Planting the gooseberry in pots

Gooseberries are hardy, deciduous, perennial shrubs that grow up to 5ft tall. They thrive in cool-summer regions, though they do benefit from the cold winter temperatures which freeze the top couple of inches of soil. Some varieties can grow in slightly warmer regions.

Now, gooseberry roots grow wide and not deep, thus you need large pots at least 18 inches wide and fairly deep. Plant them in an organic potting mix for high yields. When it comes to soil conditions, keep it evenly moist and feed the gooseberries with all-purpose fertilizer that’s just high in potassium.

Gooseberry growing well in large pots, ideal for small gardens


Gooseberries generally do not require a lot of water, but watering every 14 days is recommended in dry seasons. Pot-grown gooseberries often struggle in dry areas, so they need extra care and frequent watering.


In early spring, feed your gooseberry plants with a potassium-rich general fertiliser. Spread 1 ½ handfuls per square yard around the base. Don’t feed them with too much nitrogen as it can easily encourage sappy growth, something that’s prone to gooseberry mildew. Also, mulch the root space with organic matter like bark chips or garden compost so as to conserve soil moisture.

Pruning your gooseberries

Pruning gooseberries grown in pots to remove the current years growth to promote a better crop

Pruning gooseberries is necessary if you want to harvest big fruits and still keep the plants in top notch shape. You have to prune right from the start. In the first year of planting, cut back five main stems to 15 to 20cm and remove all other stems at the base.

When it comes to the cordon, cut the tip just above the bud back to a quarter. Cut all side-shoots that are about 15cm from the ground and do the same to any suckers. Prune all young side-shoots to at most two buds.

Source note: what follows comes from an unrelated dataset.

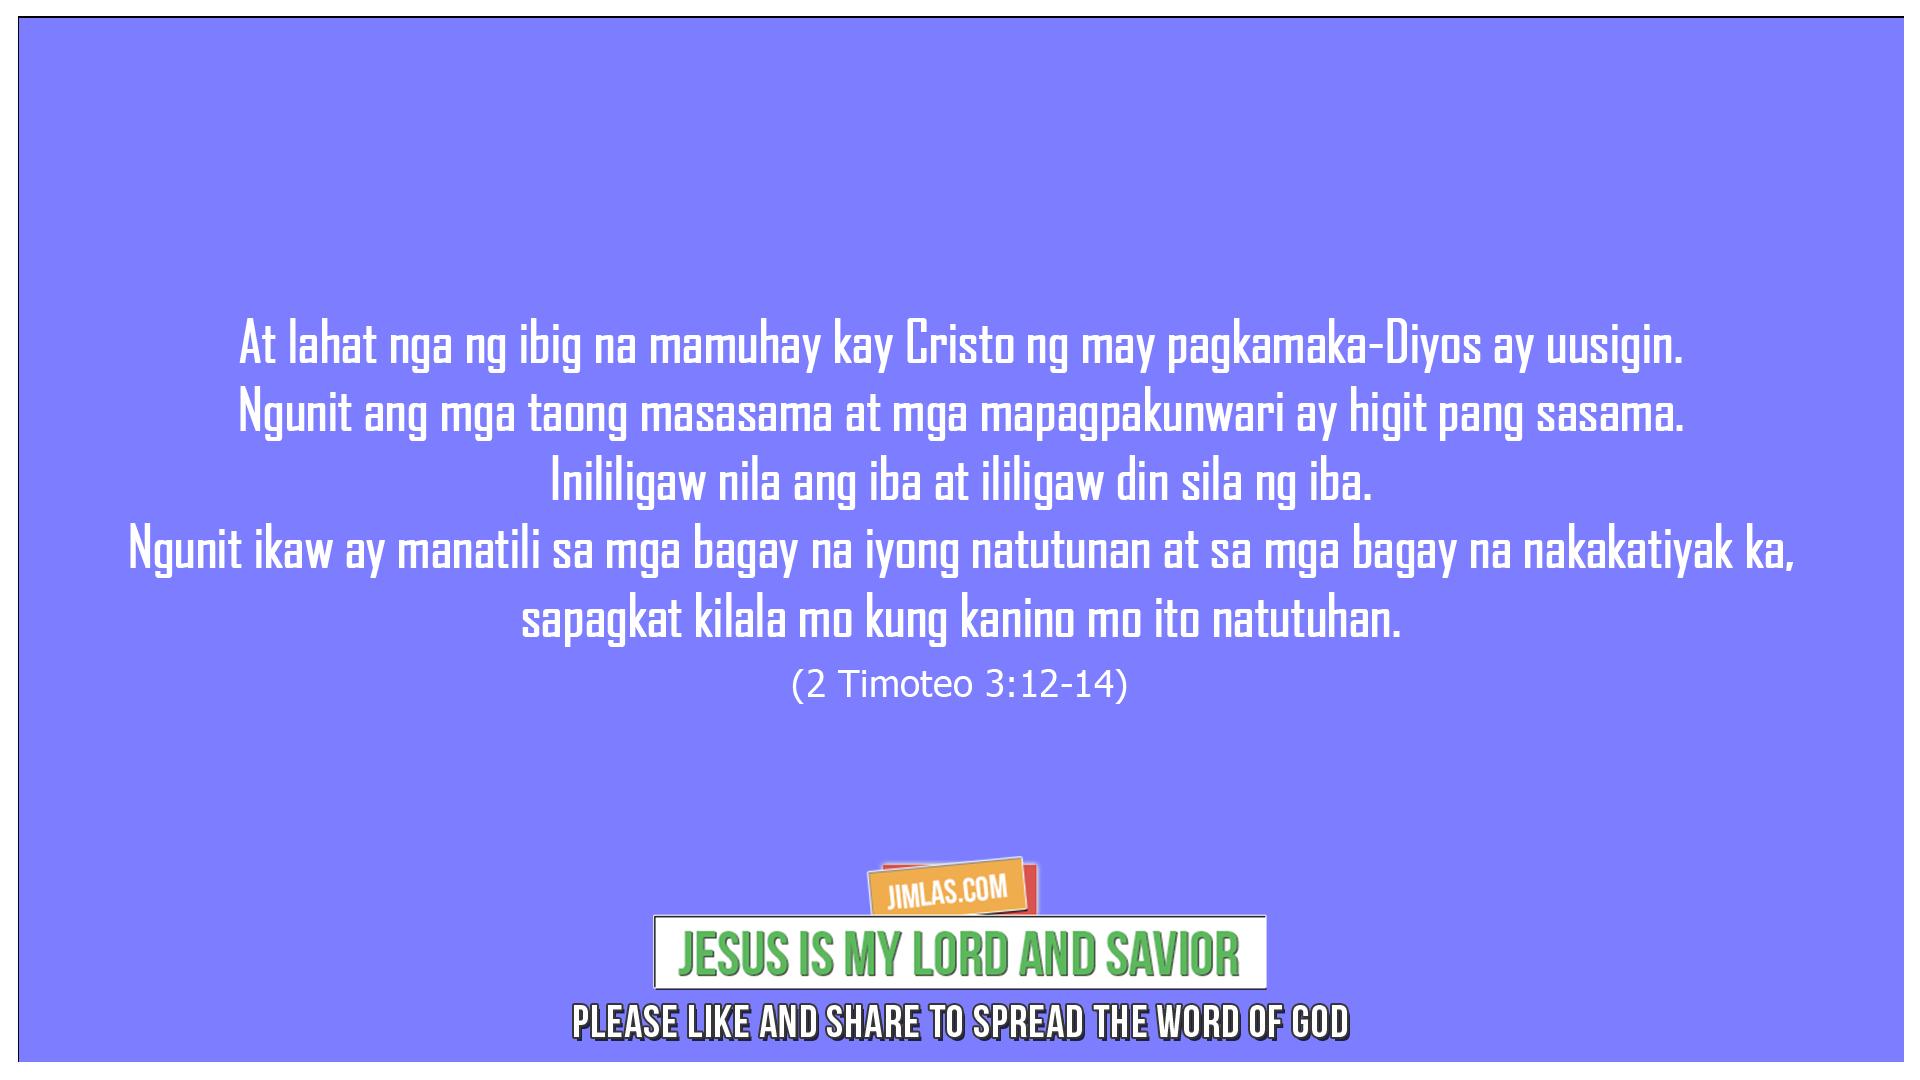 2 Timoteo 3:12-14, 2 Timoteo 3:12-14

Come the second year in mid-June to July, shorten the gooseberry bushes back to five leaves but don’t touch those branches that are essential in extending the main framework. This cutting back should not remove fruit because fruit typically develops on the older stems and not the current season’s growth. In winter, cut all dead stems plus low-lying shoots, and cut back all side-shoots to at most three buds from the base.

From the second year onwards, you’ll now be dealing with cordons. So during early to mid-summer again, prune all young side-shoots to 5 leaves and guide the growing tip around a support as it extends. After leaf fall, which is later autumn, cut back the same side-shoots to one or two buds. Prune back the tip to a third.

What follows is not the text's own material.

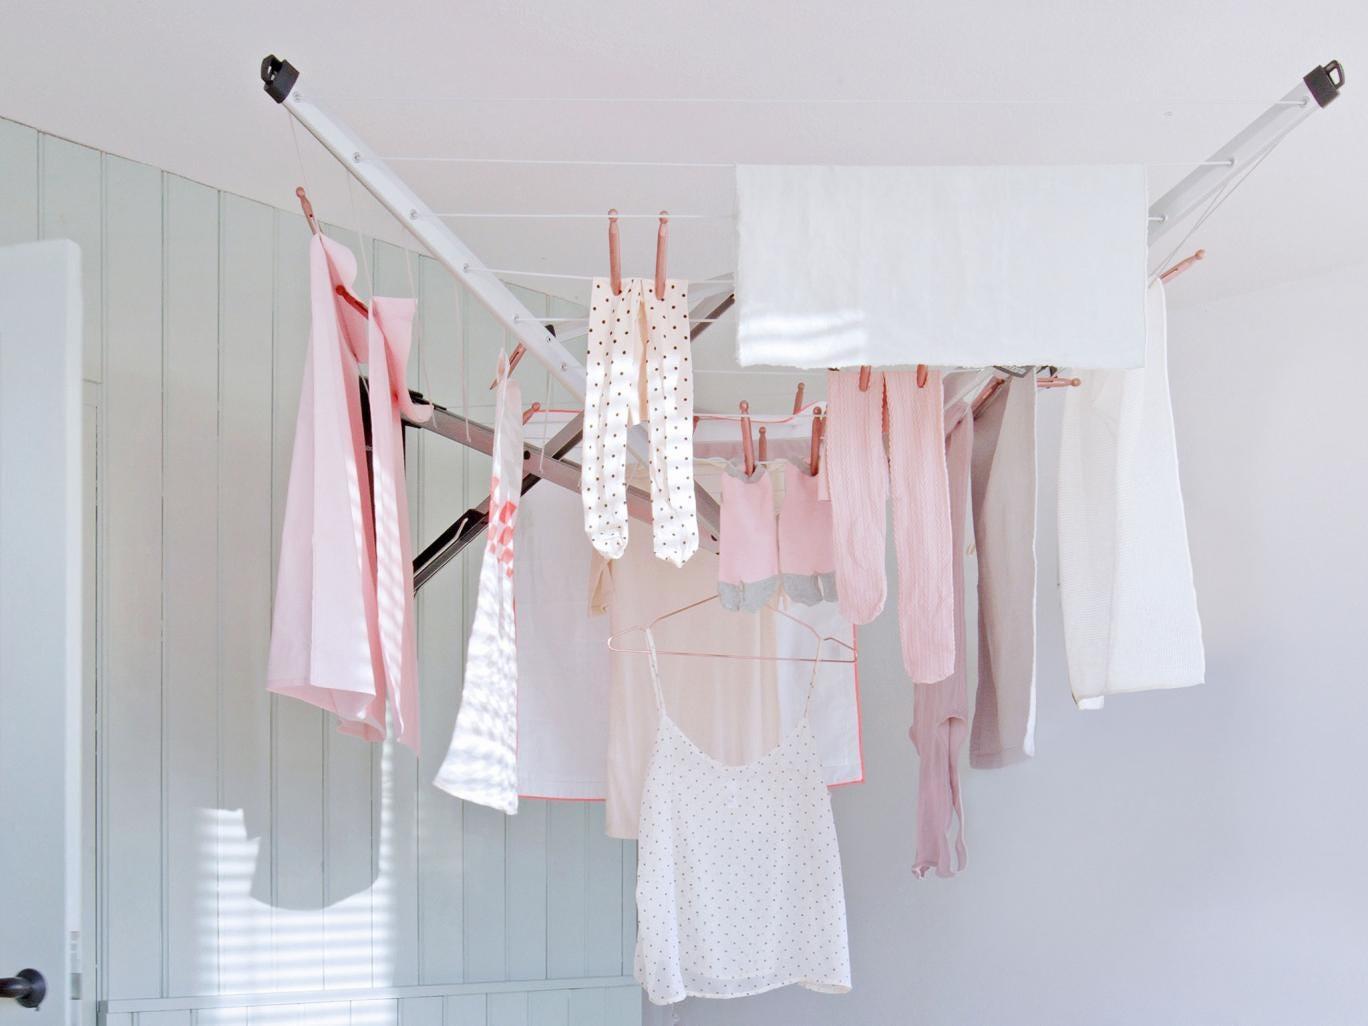 10 best indoor laundry solutions

When the cordon is 1.7m in height, prune back the tip to 5 leaves from the previous year’s growth in summer. In winter, cut back to three buds at most from last year’s growth.

Gooseberry plants can also be grown as standard – shaped with a bushy head on a tall stem that resembles a lollipop. Most gooseberry plants are usually bought ready-trained so the only job that remains for the urban farmer is to take care of the plant till harvest season. Gooseberries plants usually fruit very well once they been established, not much work is needed as the trained varieties also make good ornament pieces when they mature and start fruiting.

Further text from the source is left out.